I will be presenting a slide lecture, “Feminizing Fabric Formwork,” this Friday, November 6, 2015 at 9:00 a.m. at the NSCAD Port Campus in Halifax.

My talk will be part of the Creating Critical Spaces panel of the UAAC Conference 2015, November 5 to 7. Sarah Ciurysek will also represent the University of Manitoba School of Art at the Art, Media, and Remediation panel, Friday afternoon at two o’clock.

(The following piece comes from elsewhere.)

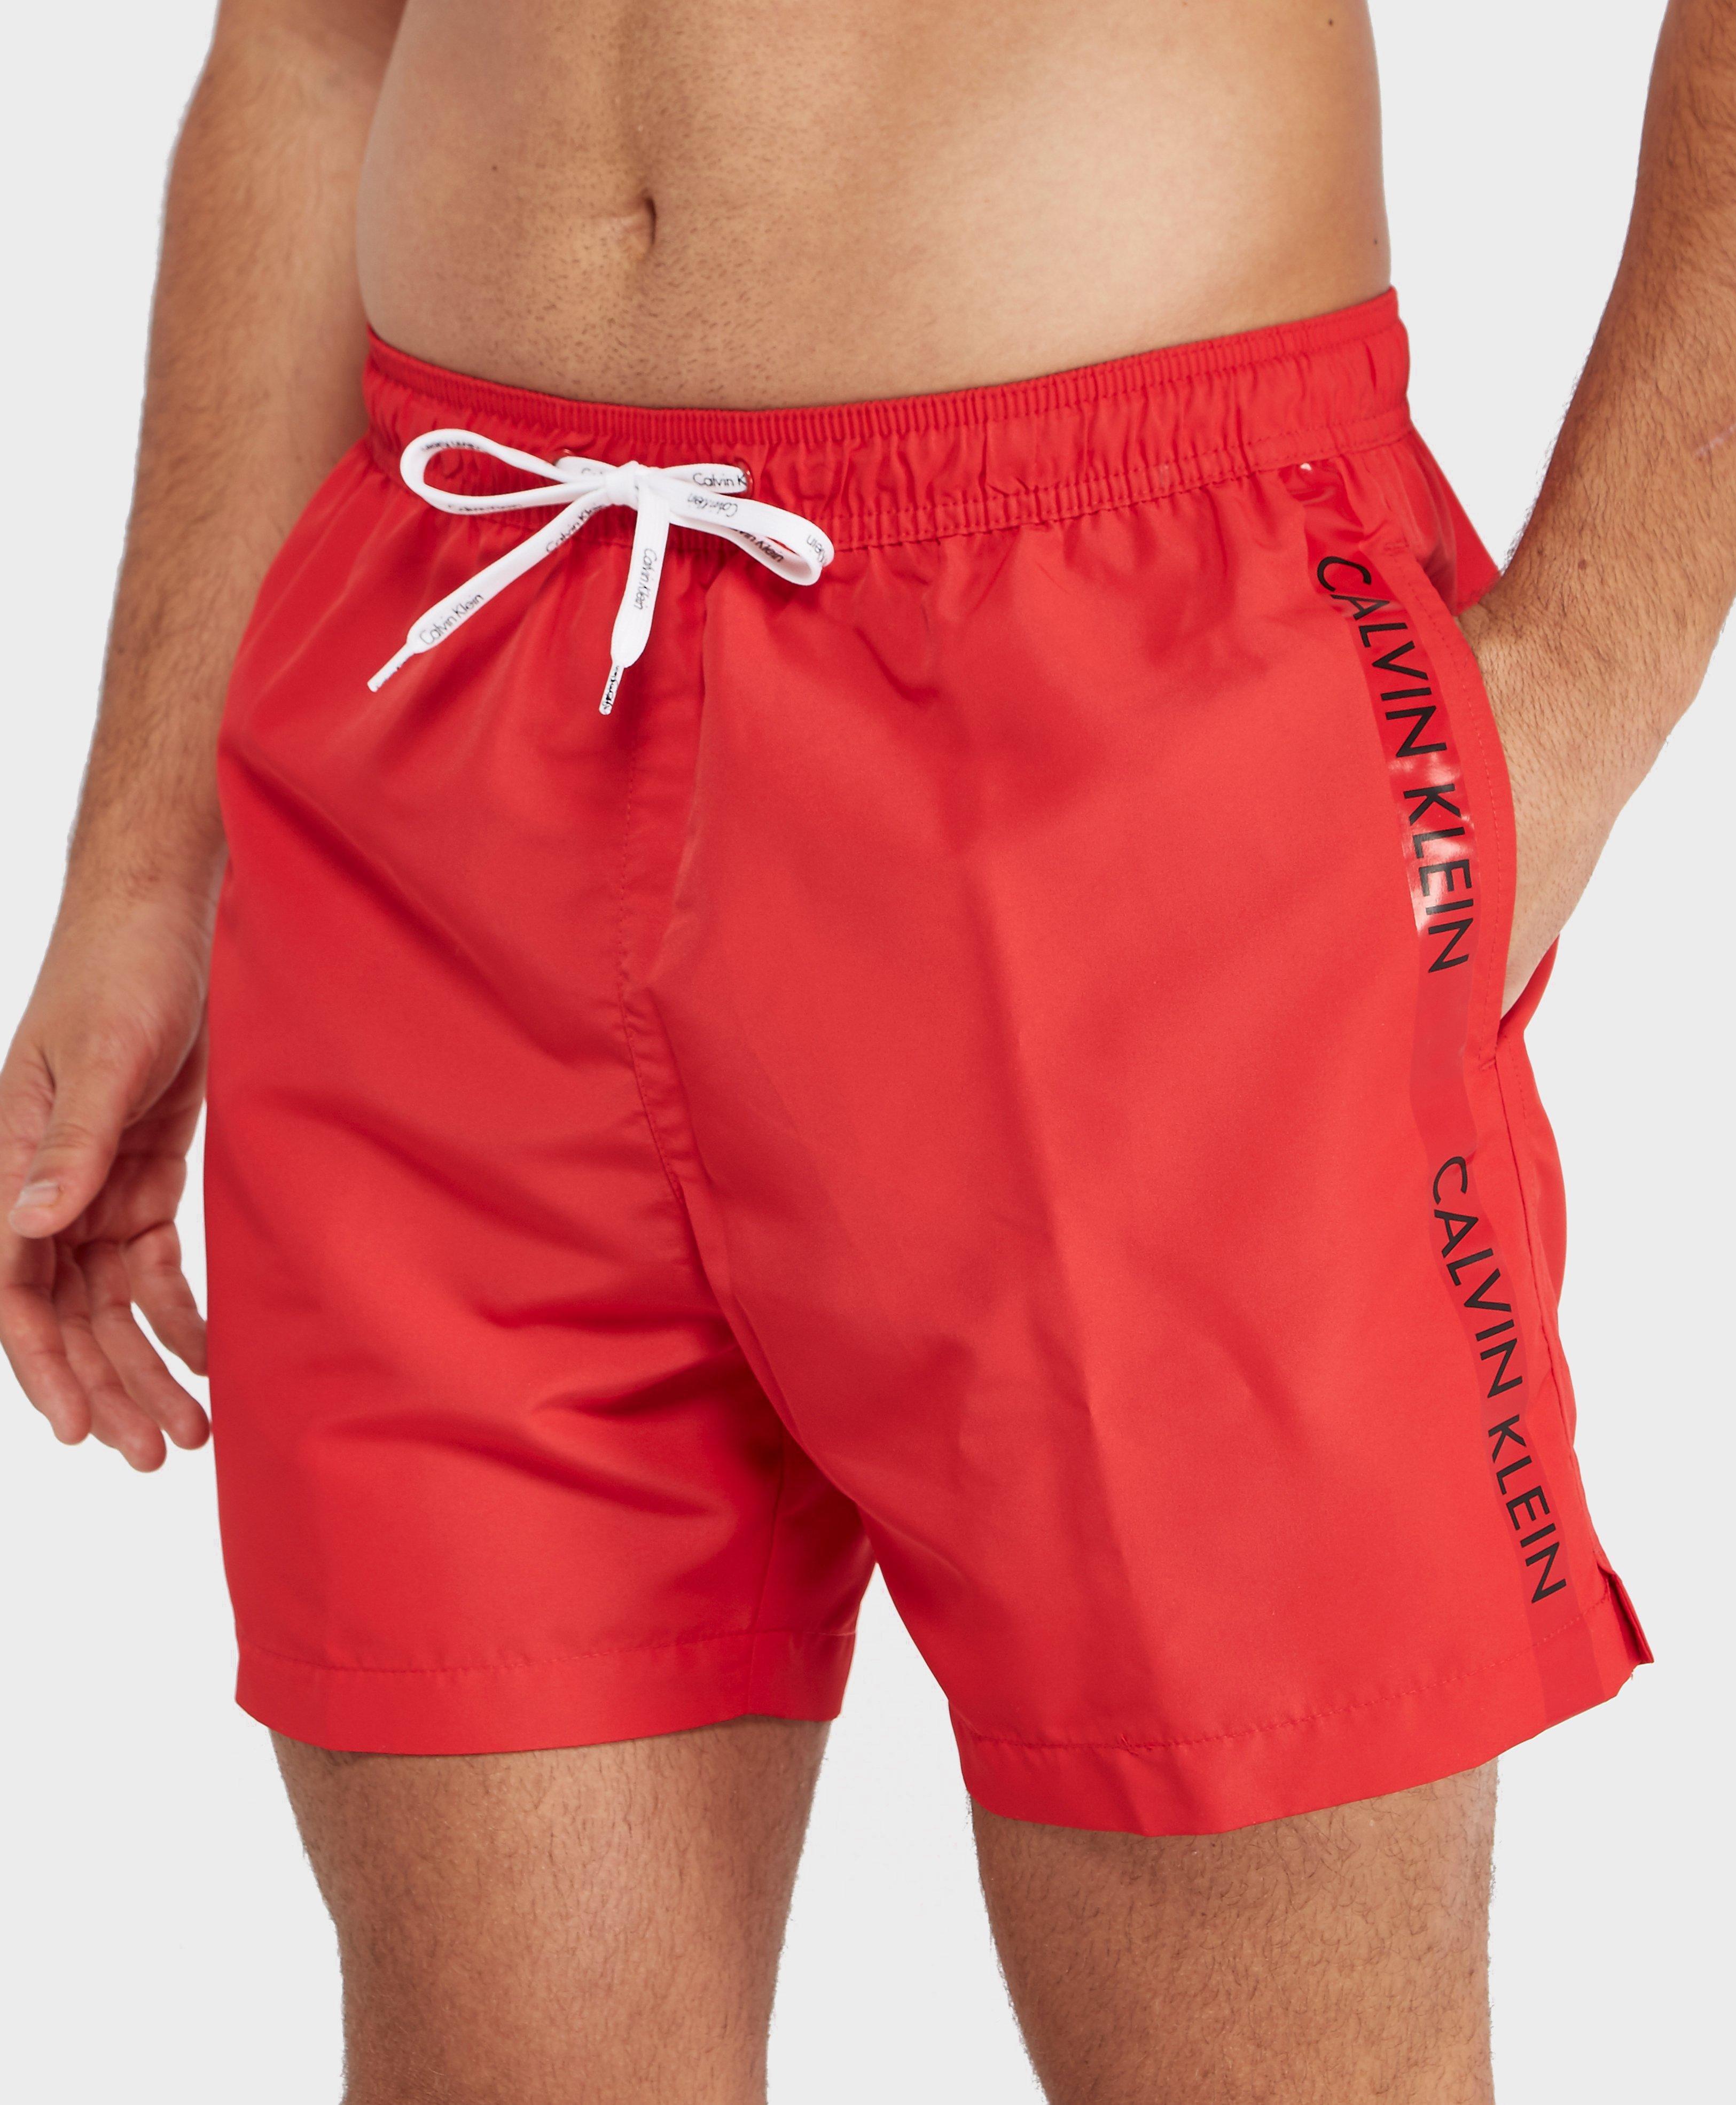 Lyst - Calvin Klein Swim Shorts in Red for Men
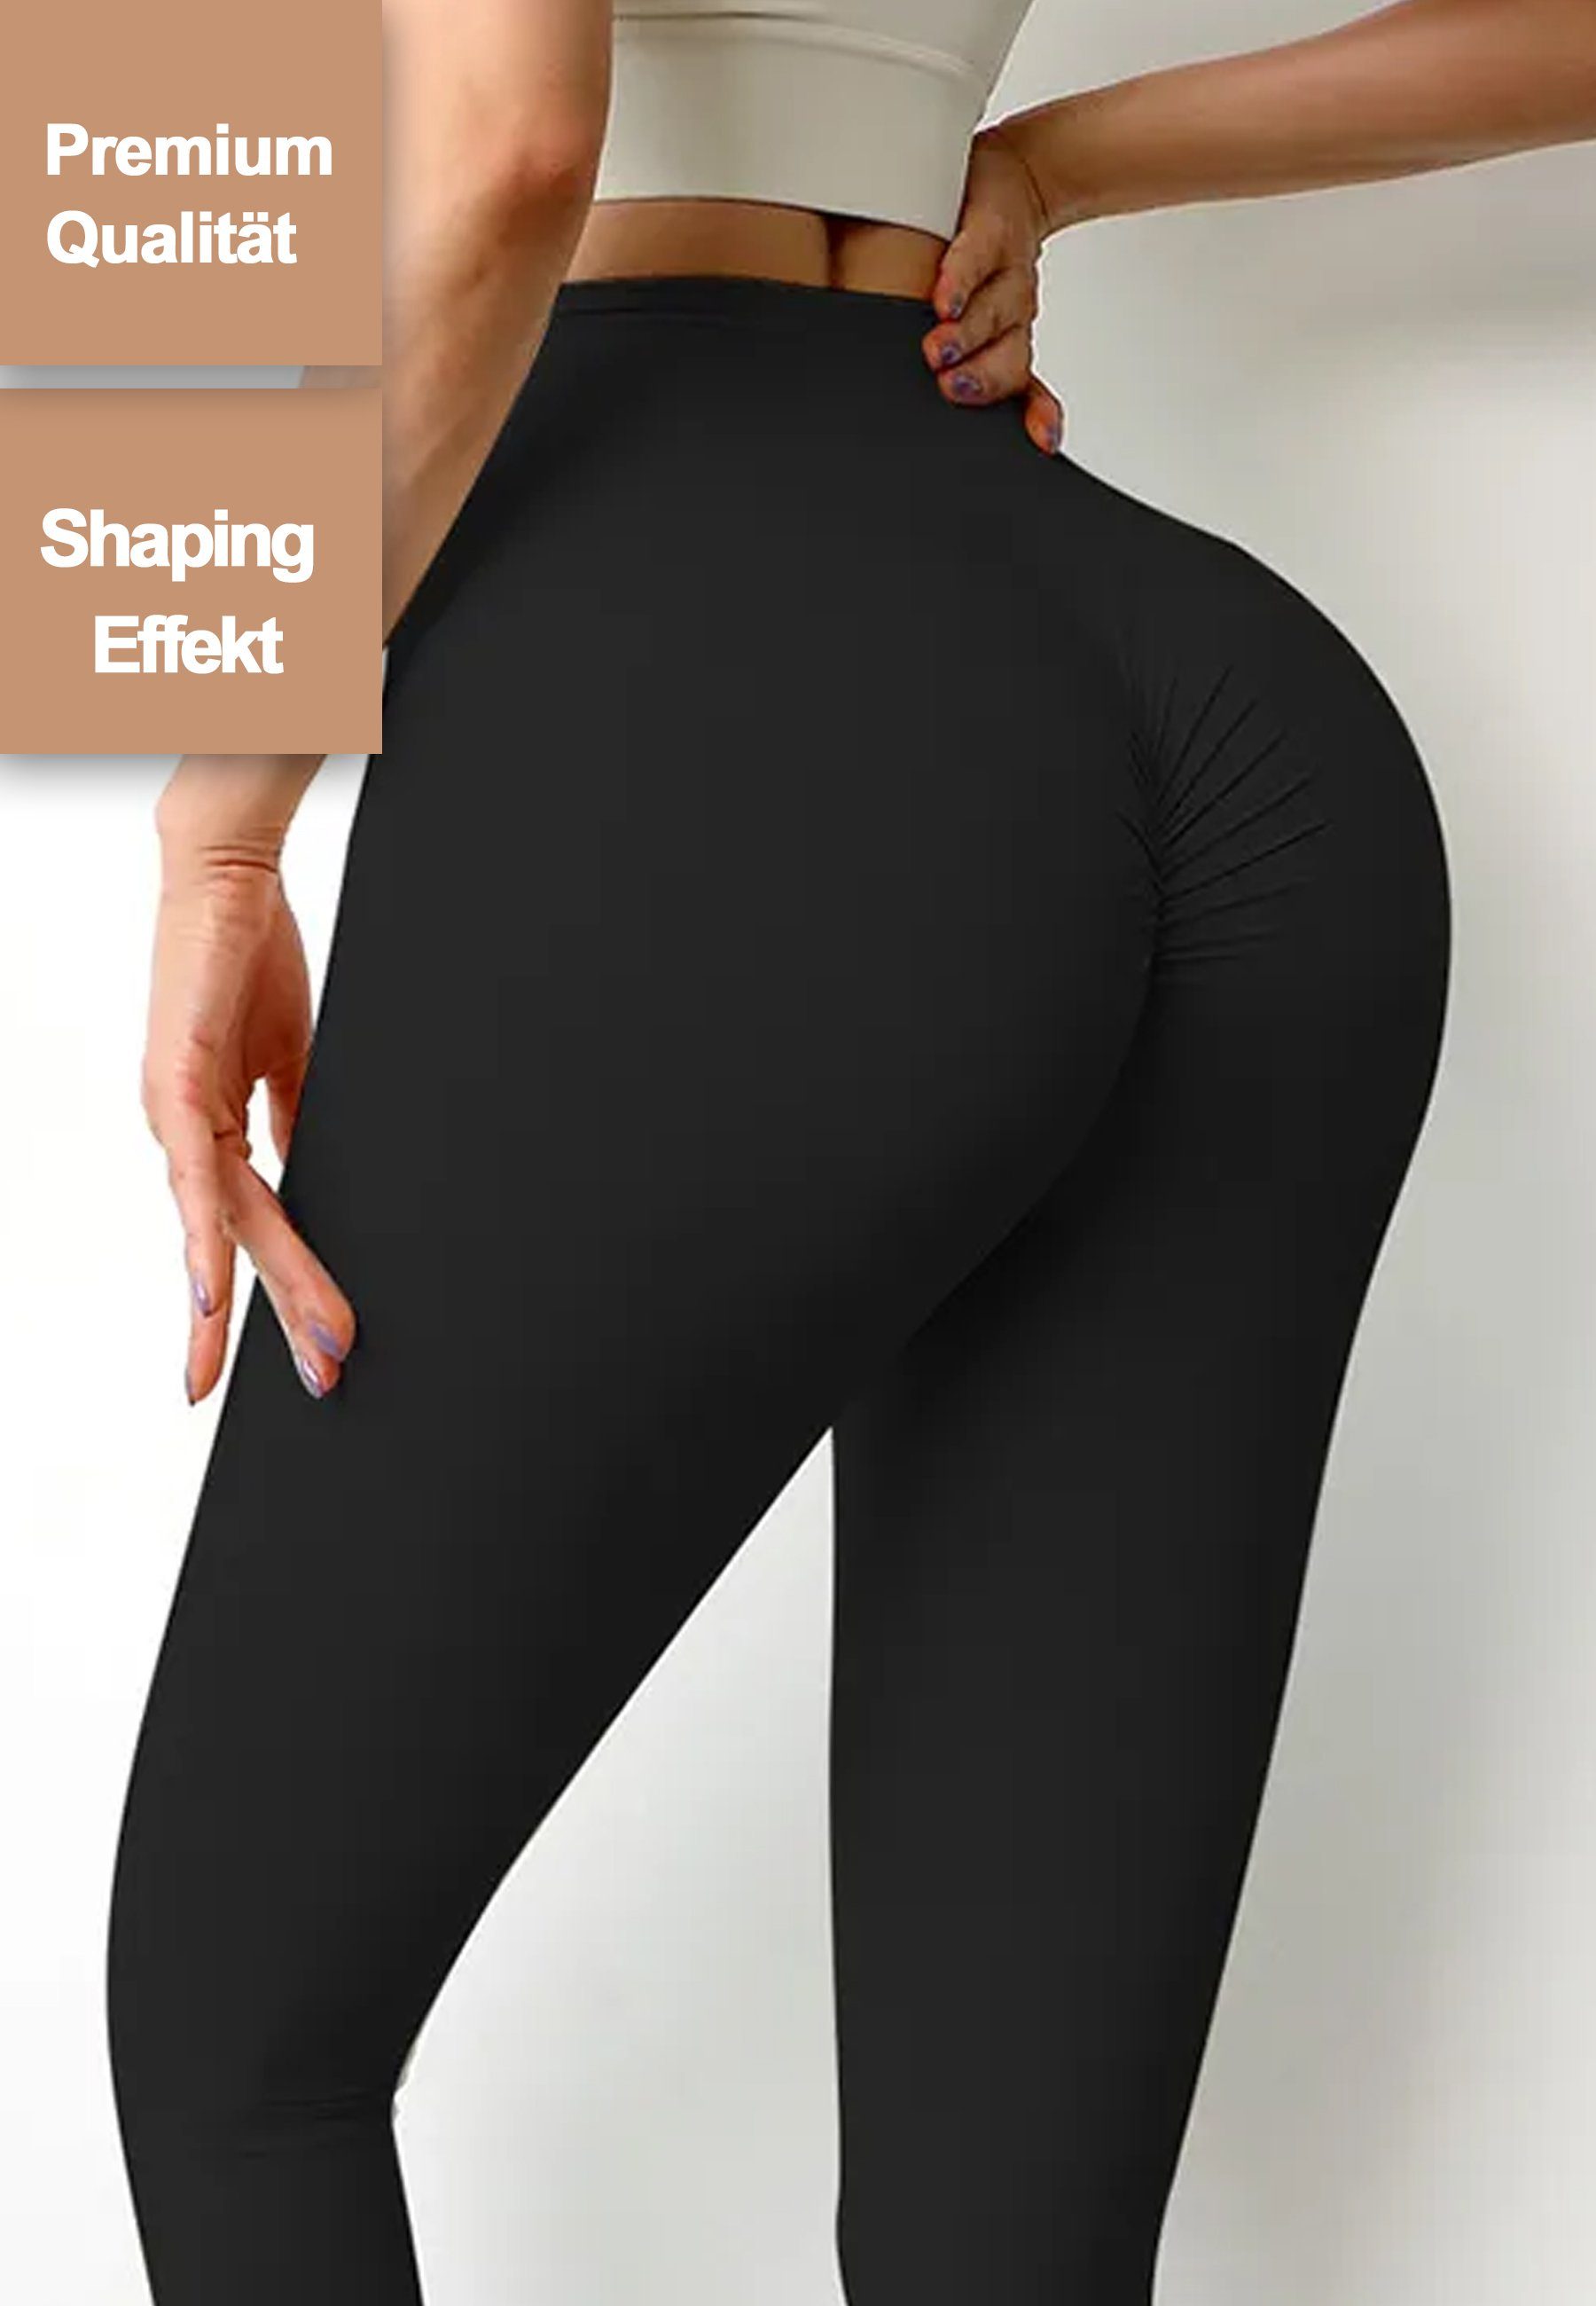 1 Topseller Schwarz Shaping Effekt für sexy Leggings Po einen knackigen &

UAAC: Nickel Ciurysek presentations

“Feminizing Fabric Formwork”

ABSTRACT

In the past few years I have been involved in a period of intensive research, exploring new technologies both at home and in China. In 2012, I had the opportunity to work at the Centre for Architectural Structures and Technology, CAST, at the University of Manitoba, learning the fabric-formwork technique that the researchers in the Faculty of Architecture invented and were continuing to develop. Informed by traditional wooden formwork, they stretch fabric membranes on wooden frames and create large concrete forms that look soft, but are not. Although the structures appear organic, they remain stark, unadorned, devoid of ornament. The tenets of Modernism remain alive and well at CAST. Once comfortable with the new technology, I appropriated their methods (with their encouragement and blessing) and applied them to porcelain, with the goal of feminizing and embellishing the fabric formwork process.

I selected highly decorative textiles and made fabric models for my moulds that sported raised floral prints, fine textures, embossed stitching, and intricate, lacy patterns. I stretched these textiles, mostly Chinese commercial drapery fabrics, onto wooden frames, and then made plaster moulds from the fabric models. Finally, porcelain was cast in the plaster moulds, resulting in finished large-scale sculptures, to be exhibited in a gallery or other public space. My white porcelain forms have an architectural scale and may initially appear austere, but upon closer inspection, their detail becomes evident. My installations provide a substitute for what was once considered a social imperative offered by public architecture – a peaceful, contemplative space for public and private reflection, restful and quiet, yet strong and awe-inspiring. It’s the detail that invites the viewer into an intimate dialogue with my work, to find comfort in the textile patterns and organic motifs of my craft, my art, my architecture.